Absolute Goldmine: WTPWB Exclusive

coverThis is absolutely incredible. See that bag of money and weapons over on the right there? Now imagine that bag turning up being the tamest crime you encountered in a given week. If you lived somewhere in Florida, where that bag of money turned up this week, that would probably be the case. Through general tooling around on the internet, like ya do, we have come across perhaps the richest bevvy of batshit local news ever discovered in one place. Not surprisingly, it comes to us from the unfortunate state of Florida, specifically the crime section of TCPalm.com, which purports to cover the news of “Florida’s Treasure Coast and Palm Beaches.” People here don’t seem to just commit crimes–they go absolutely buck wild. Here are absolutely real headlines, just from the past week:

  • Fort Pierce woman throws table leg through window, chokes boyfriend when he won’t buy her more Natural Ice beer, police say [link]
  • Bag of cocaine ’shot out’ of suspect’s body at St. Lucie County gas station when he relaxed, deputies say [link]
  • Martin County homeowner says suspect covered in feces jumped into pool [link]
  • Road-rage incident grows into battery, robbery [link]
  • Thief yanks off man’s pants in Palm City, takes cash, phone [link]
  • Port St. Lucie man arrested on lewdness charge after woman finds him trying to hide under bed of her 15-year-old daughter [link]
  • Two Vero Beach residents arrested in St. Lucie incidents involving dead alligator [link]
  • Have you seen this boat? Photos released of baby blue 35-foot Renegade stolen from Stuart boat dealer [link]
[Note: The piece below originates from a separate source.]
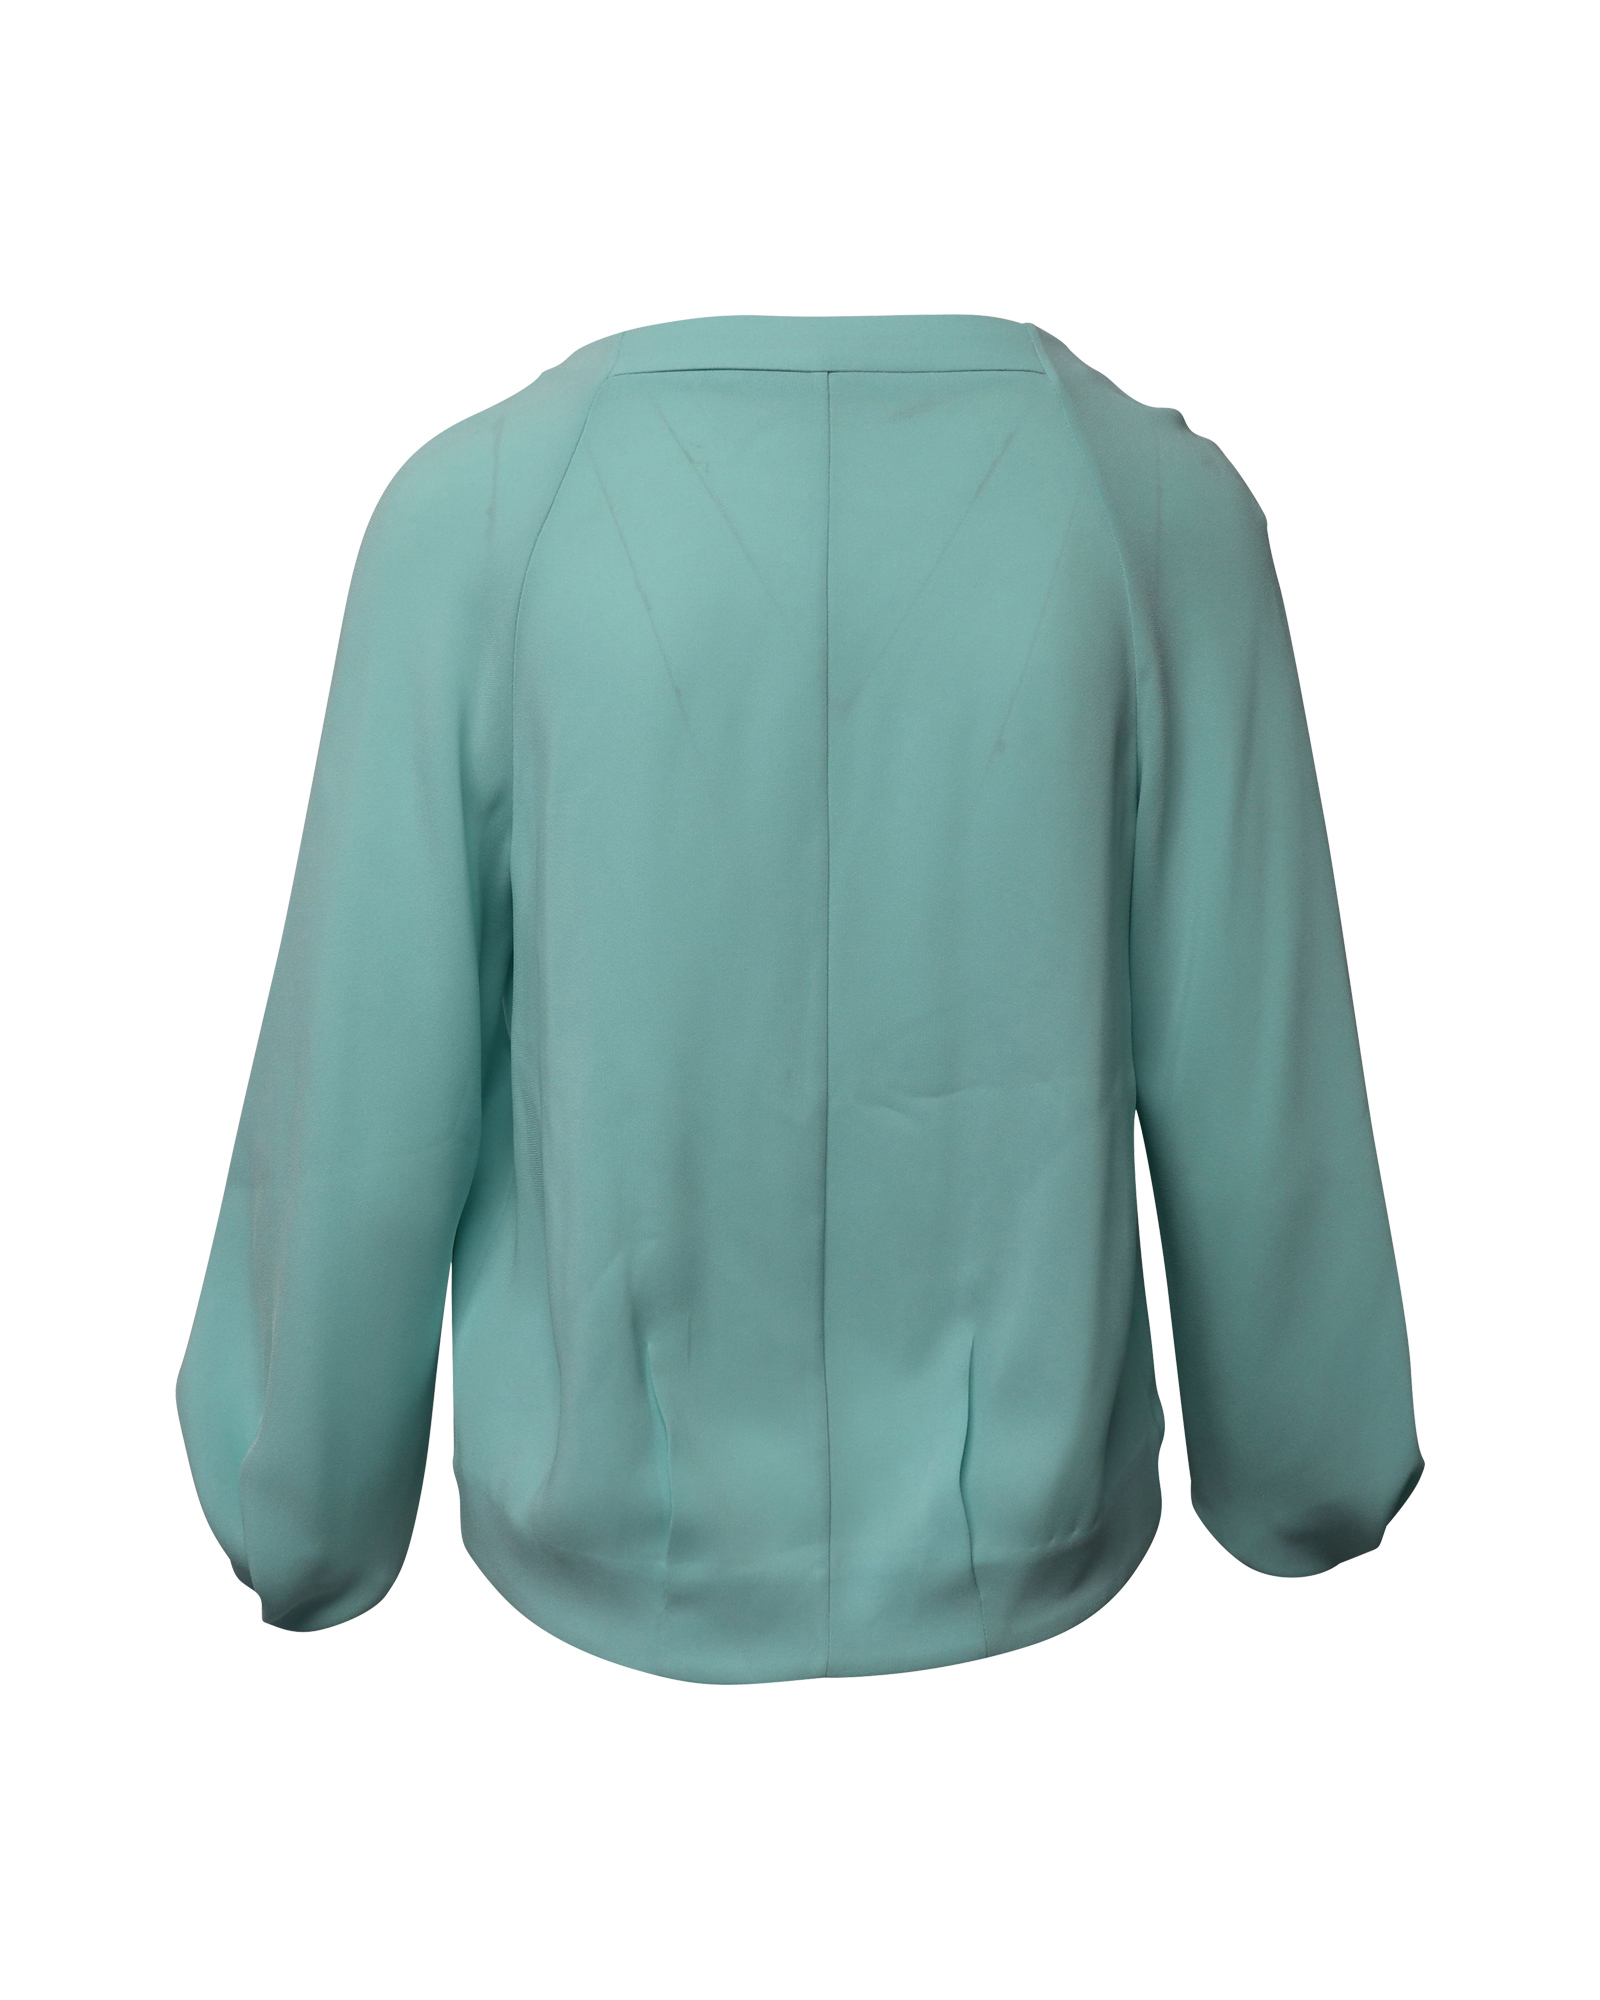 Embellished Long Sleeve Top in Blue Triacetate

And this is just from this week. So pack your bags, find a place to stay in Florida, and meet us after the jump for highlights and mugshots.

Let’s obviously start with the one where a bag of cocaine shot out of a man’s anus. From the article:

“Wiley was then escorted to the men’s room for a more detailed search,” the affidavit states. “While being escorted, Wiley dropped his shorts in the middle of the store stating, ‘I don’t have nothing.’ ”Wiley’s backside appeared “clenched tight” as if he was hiding something. While walking, his backside relaxed and a clear bag with about 22 grams of cocaine in it “shot out” onto the store’s floor. “Wiley then kicked back with his foot trying to kick the bag back stating again, ‘I don’t have nothing,’ ” the affidavit states.
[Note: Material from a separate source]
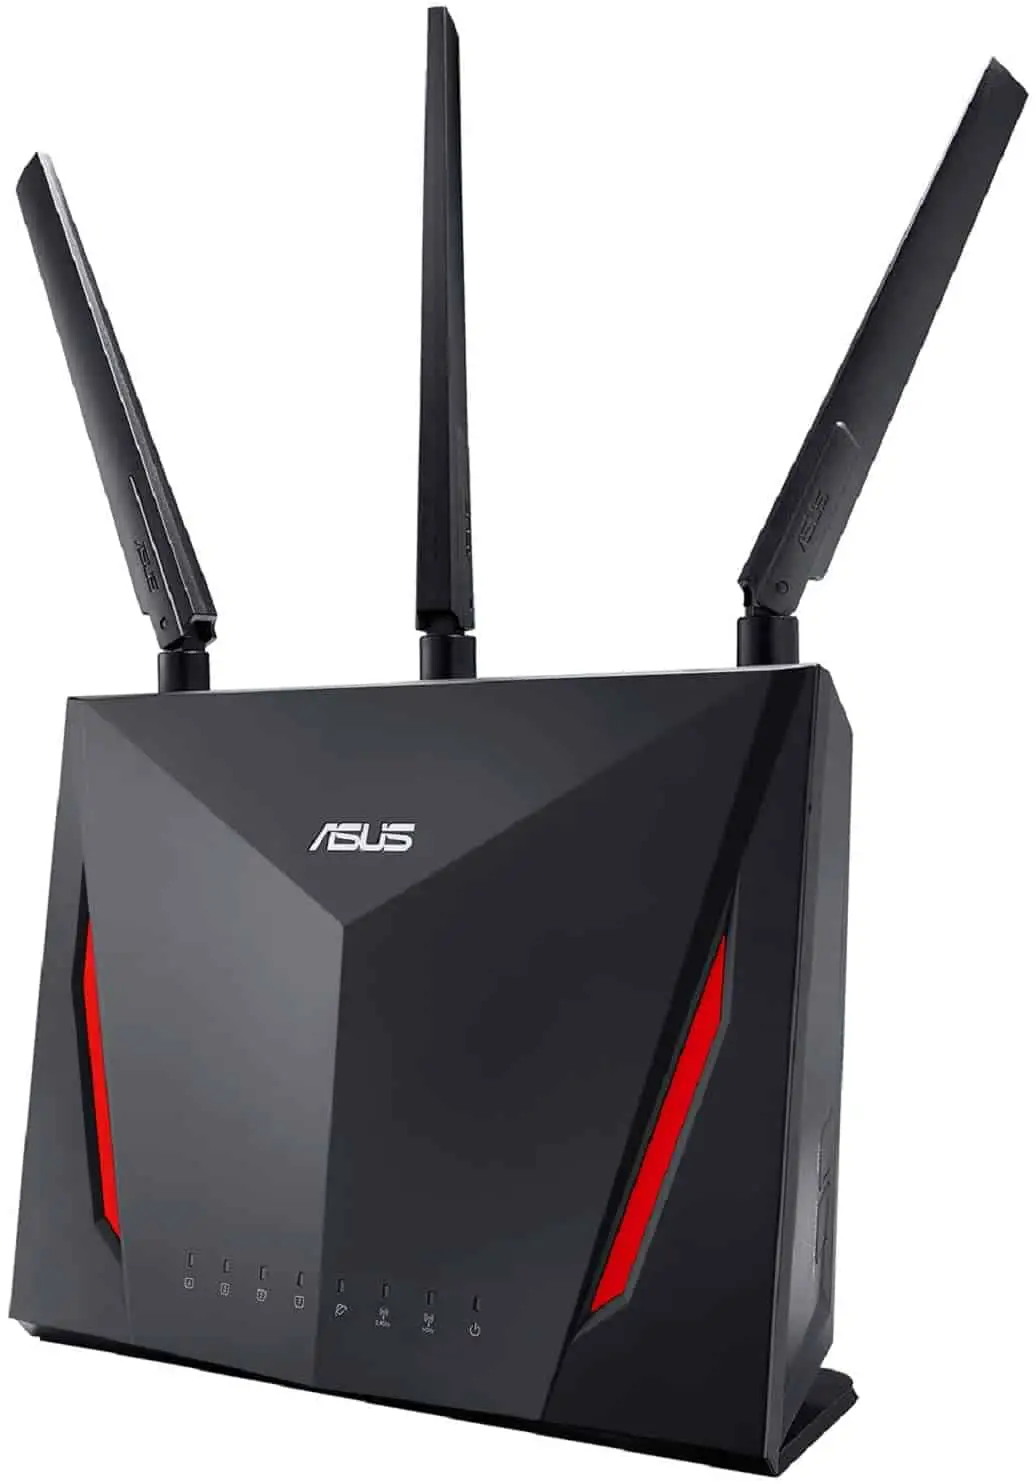 10 Best Asus Routers 2020 reviews

The highlight from the article about the woman throwing a table leg through her window is certainly the flowery prose of the officer assigned to the case. After describing Natty Ice as a “an economy brand high-alcohol beer beverage,” the imagery provided by the description of the table leg being hurled really conjures tears: She “threw the hard missile through a window of the residence, causing deadly shards of glass to be forcefully launched into the occupied residence.”
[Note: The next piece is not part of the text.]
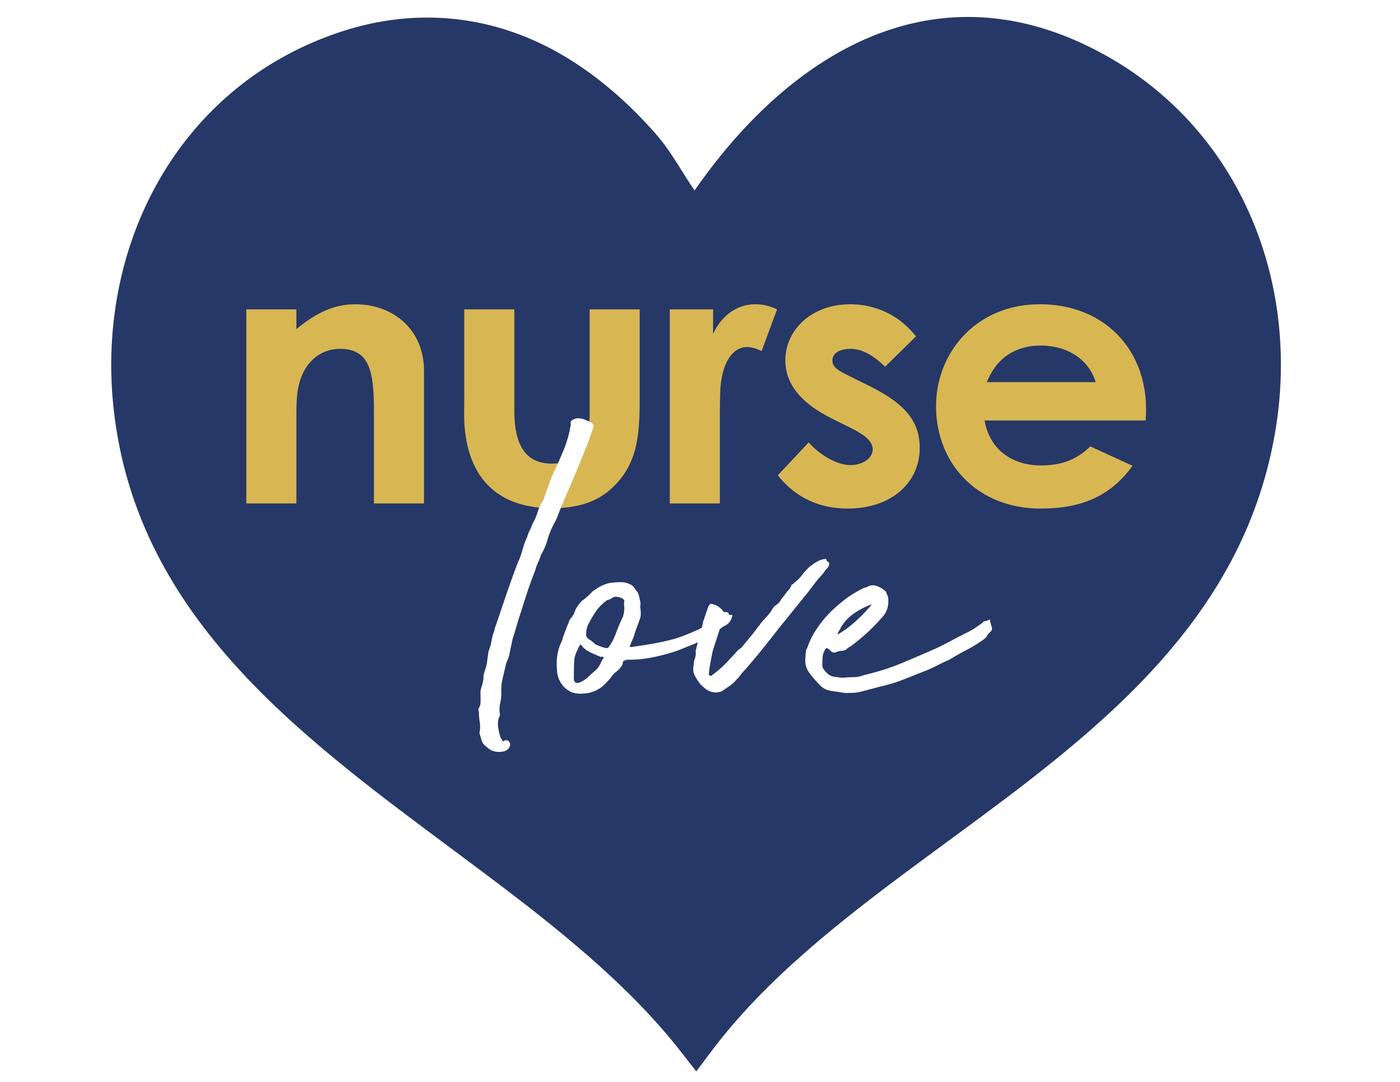 Show Your Love: Window Signs & Photo Props for Nurses Week

From the article about the dead alligator hullabaloo:

Meanwhile, an FWC official spied a woman at a home in the area pulling pink meat in a clear plastic bag out of a refrigerator. She then put the bag in a cabinet in the kitchen.The 62-year-old woman, identified as Archie Dean Driggers, escorted the FWC official in. Driggers pulled out the bag of meat, and the FWC official noted it “appeared to be fresh alligator meat.”Driggers reportedly said that “we had a gator what else do you want to know.”

This next one we thought was a little too real for the main page, but we’ll treat you for taking the jump with us. In an article  titled Port St. Lucie man accused of inappropriately touching girl, making her cry, while wife accused of child neglect [link], there is an absolute gem of a quote, albeit incredibly disturbing:

The victim told investigators that David Trefz touched her inappropriately at a campsite. He had no pants on at the time. At one point the touching hurt so she began crying, and he said he was sorry.

And not that a lot of color commentary is needed for the one where a man covered in feces jumped into someone’s pool, but just in case:

Deputies used a K-9 to track Higgins to a home in the 9000 block of Athena Street. Higgins told deputies he had been drinking beer and vodka, according to the affidavit.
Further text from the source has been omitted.